HIRLEMAN: Well, Purdue's ME enrollment has been flat for 20 years. And it's capped for 20 years. So I guess I haven't seen the arguments lose. But I am trying to be prepared for the fact that it's going to get tougher.
AUDIENCE: At MIT, we have a large number of departments without any undergraduate students.
[LAUGHTER]
PRESENTER: There's plenty of it. All right, let's thank Professor Hirleman again. Last on our agenda is our panel discussion. It's listed on the program as the role of mechanical engineer in the information technology [INAUDIBLE]. And I would like us to interpret this broadly just to talk about all sorts of applications of information technology and mechanical engineering-- information technology and mechanical engineering and vise versa.
And you know, now's your chance to speak up. We should get a discussion going. Our panelists are going to be [INAUDIBLE] from Ford and then we have our speakers from this morning. Professor Tomizuka, Professor Hunter and Professor Barbastathis. So if I could ask you gentlemen to ascend the stage here.
Now [INAUDIBLE] is the only person who hasn't spoken yet. Actually, is he here? Well, if he's not here, then he won't speak. That's strange.

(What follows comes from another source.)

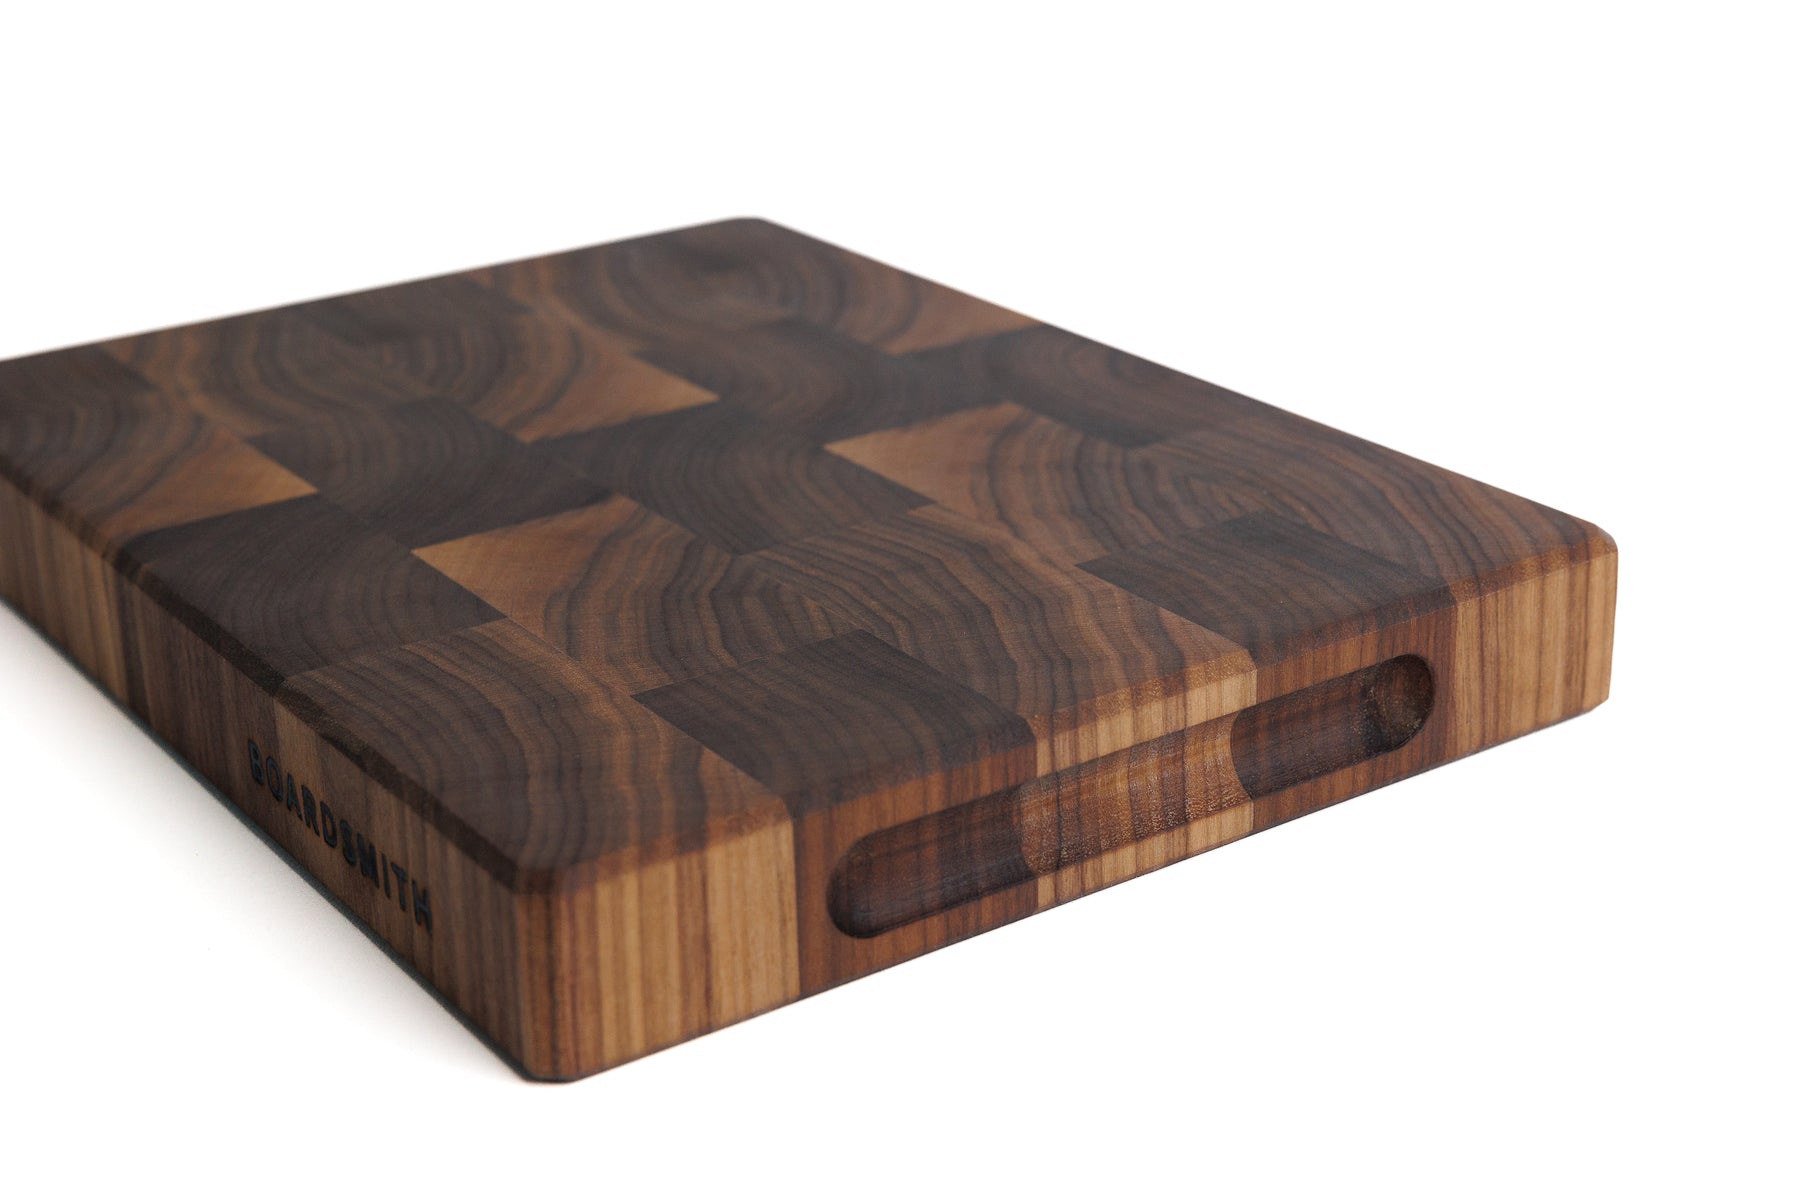  Squirrel Kitchen Cutting Board - Juice Grooves with

AUDIENCE: So he just stepped out.
PRESENTER: It's possible he just stepped out. Yeah. Well, if he's not-- why don't we get ourselves going then? And so if people want to say a few words to some of their feelings about things-- or not, as you please. And then we can just have a discussion.
AUDIENCE: We have some questions.
AUDIENCE: I'm going to start with an old, embattled question. Should we be requiring a programming language of our undergraduates? And if so, what?
PRESENTER: Whoa. There's a good one.
PRESENTER: And then where's Sunny Siu? That's a question-- he's on-- yeah, do you want to address that, Sunny? You are the university--
PRESENTER: [INAUDIBLE] asking that question directly focused [INAUDIBLE]
SIU: I'm teaching undergraduate courses-- sophomore, freshman level internet courses. Last year, there were about 20 mechanical engineering students. This year, there are like, over 40 students. And it is not a required course in our department. It's an elective. And they all want to learn about this technology.
And the student evaluations, evaluations from students I got, they always say that is something that they want to really see in the curriculum because they feel like they are really the top notch in the forefront of technology and they want to see how this is going to be linked to mechanical engineering. So one thing that-- of course, if the course is elementary, I cannot go into all the specific application, like telerobotics or telemedicine or this kind of application.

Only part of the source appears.